The room was silent as he finished speaking. Then Sara Jado, 18, a member of March for Our Lives Greensboro, emerged from the crowd and hugged him. For more than 10 seconds, she did not let go.

As Ms. Jado retreated, Emma González, 18, stepped forward. Then another student. And another. They didn’t speak. They just opened their arms, and Mr. Tyler cried on their shoulders.

These are the bonds that linked everyone on this tour: trauma, and fear, and the knowledge that any of them could be next....

Astor stood up fiercely for the students in this purported news story:

Here lies the disconnect: the chasm between the policies March for Our Lives promotes and the policies many opponents think it promotes. The students don’t want to abolish gun ownership. Some of their families own guns.

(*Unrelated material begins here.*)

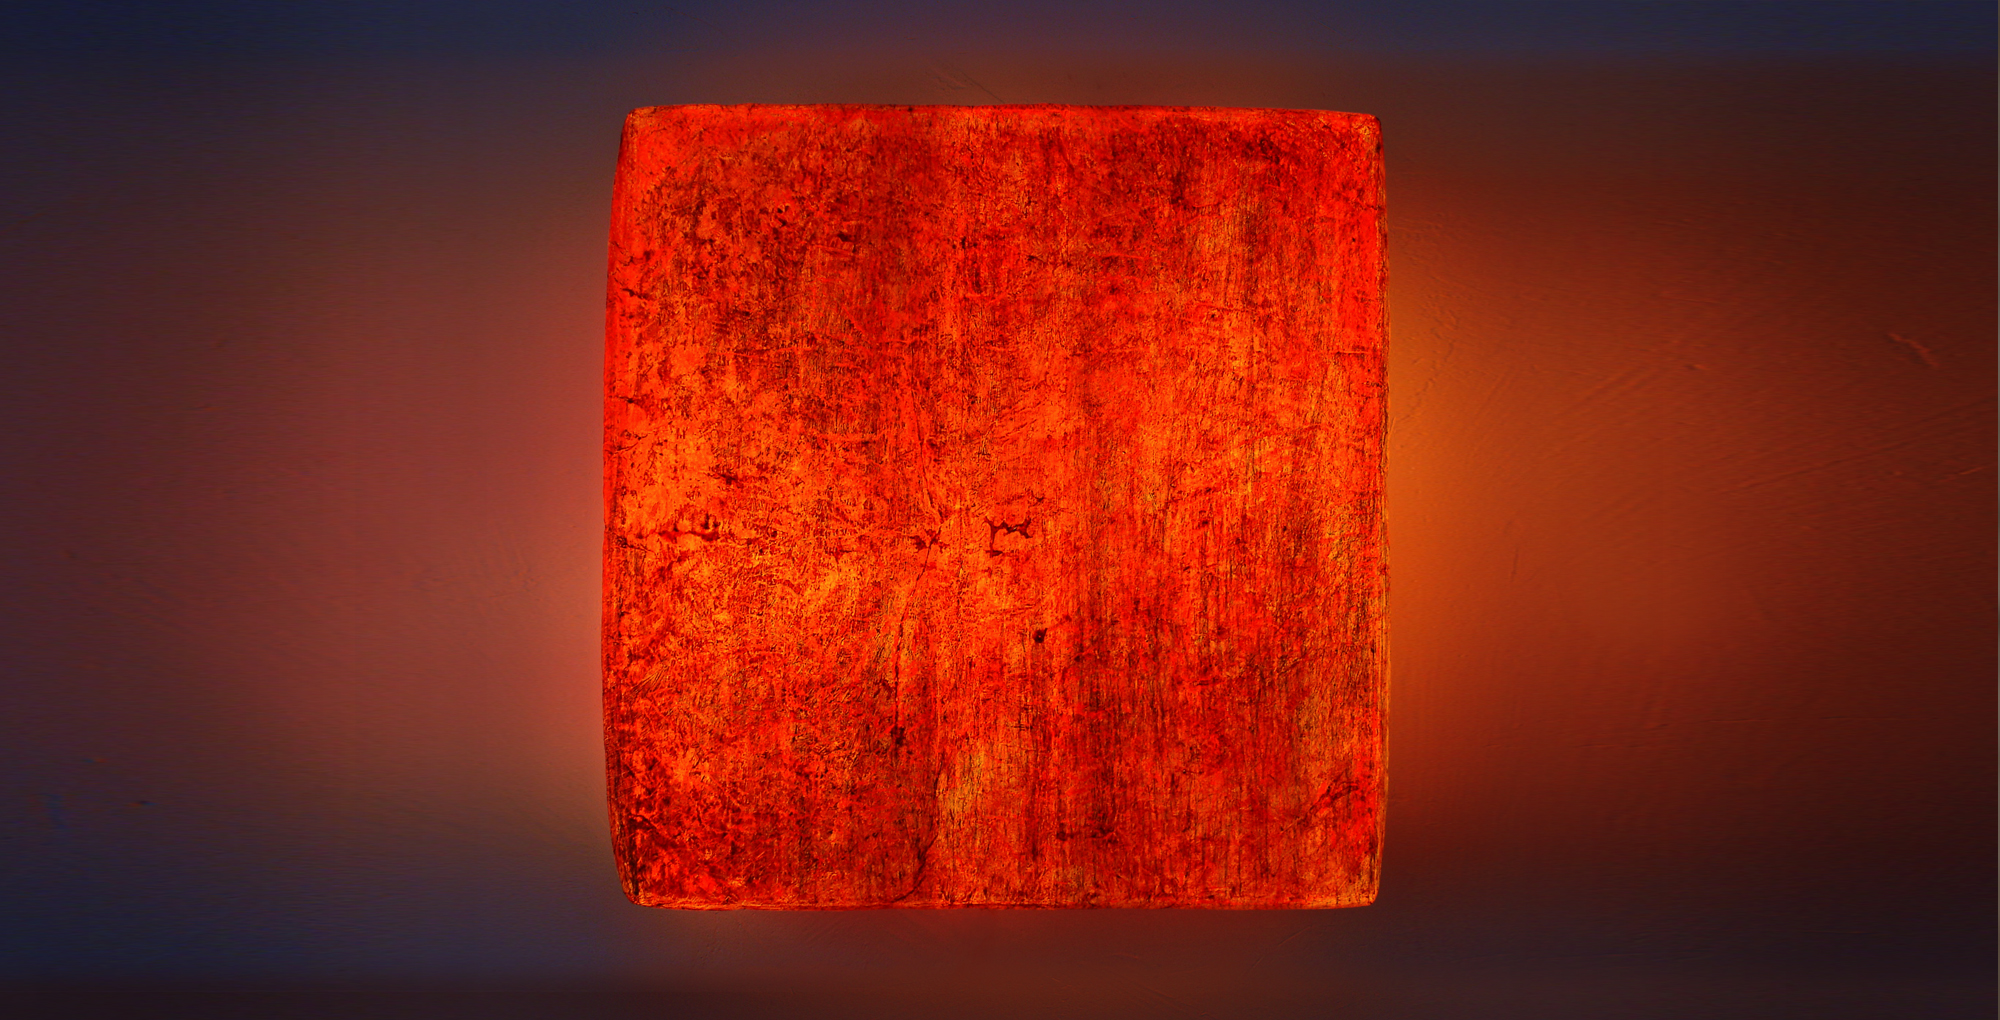 Leuchtobjekt - Ölfarbe auf Papier, 70 x 70 x 20 cm I 2015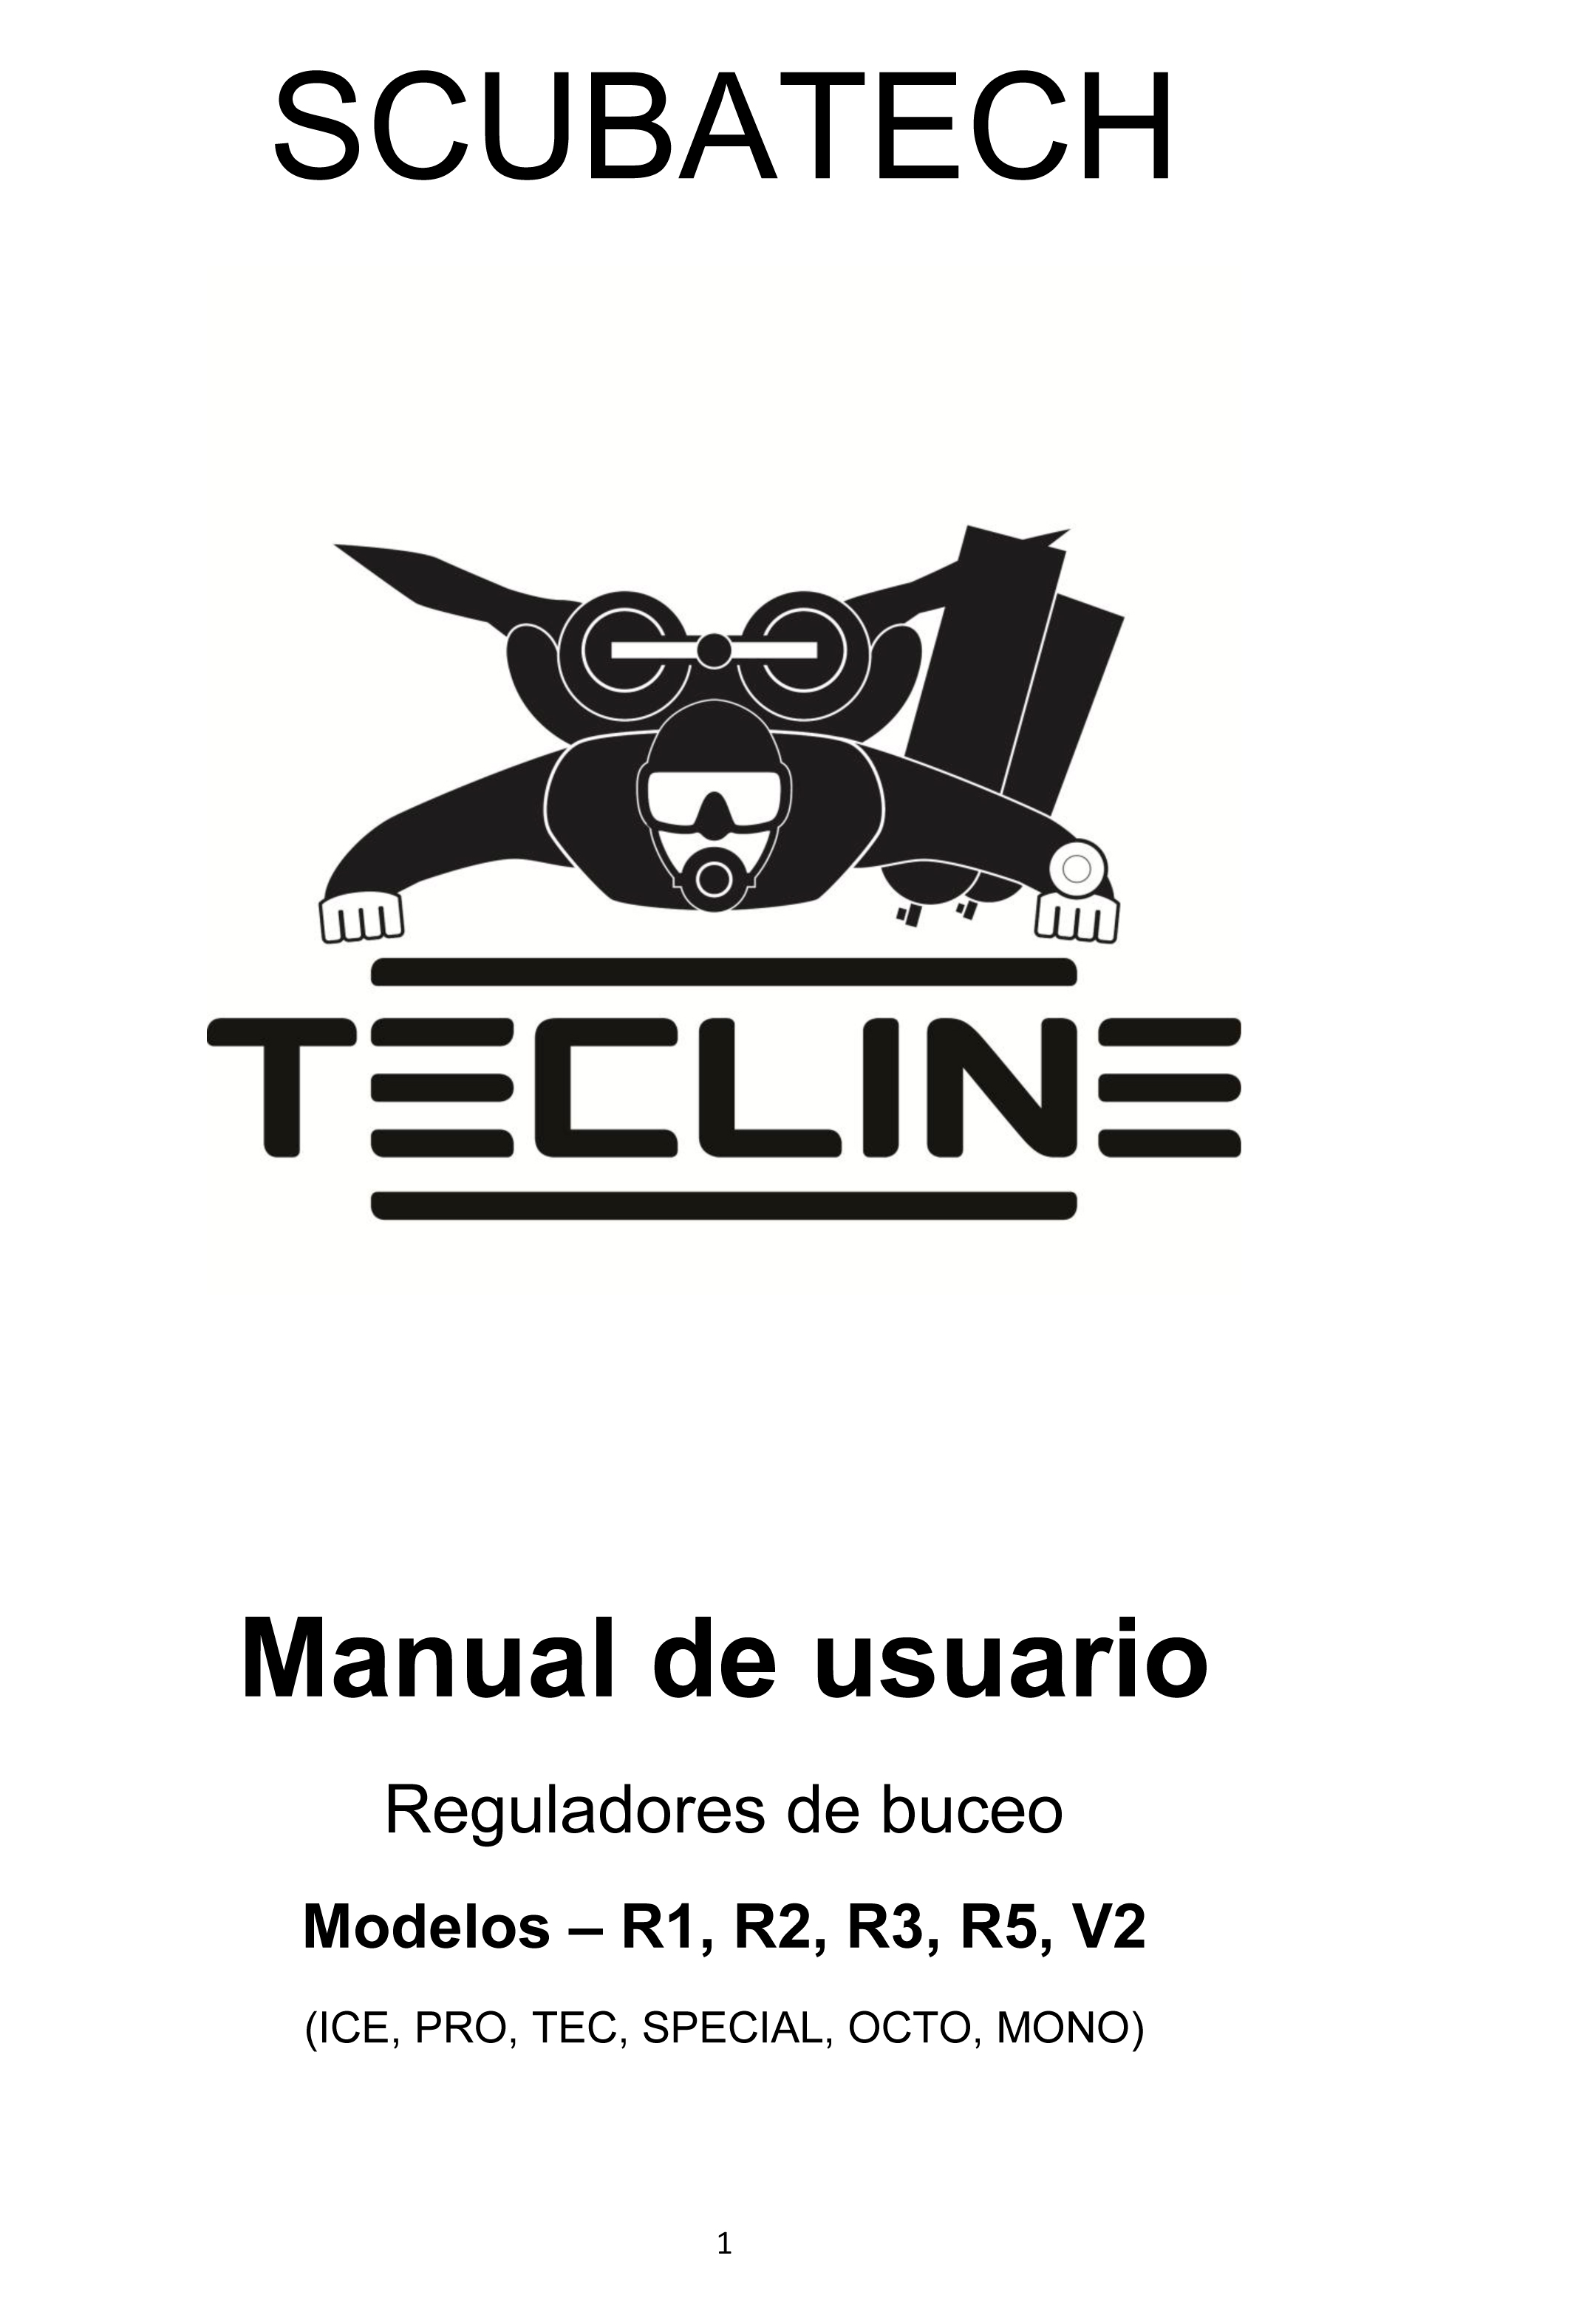 SCUBATECH-Manual-de-Usuario-Reguladores-1

There is also an irony to the objection that they “blame guns for everything.” They don’t. At every stop, they emphasize that gun violence can’t be addressed without addressing what fuels it: racism, poverty, substandard schools and mental health services. They speak daily about intersectionality, systems of oppression, the school-to-prison pipeline.

Skipping ahead to Day 3 in Charlottesville, Va., Astor reminded us that the "empowered" teens were in charge:

[Jaclyn Corin] and the rest of the students run the show. The handful of adults with them were there mainly to handle things that minors can’t, like booking hotel rooms.

“We entirely control everything we do,” Mr. Hogg said. “Anybody above 20 on the bus works for us.”

This is exhausting. It’s also empowering.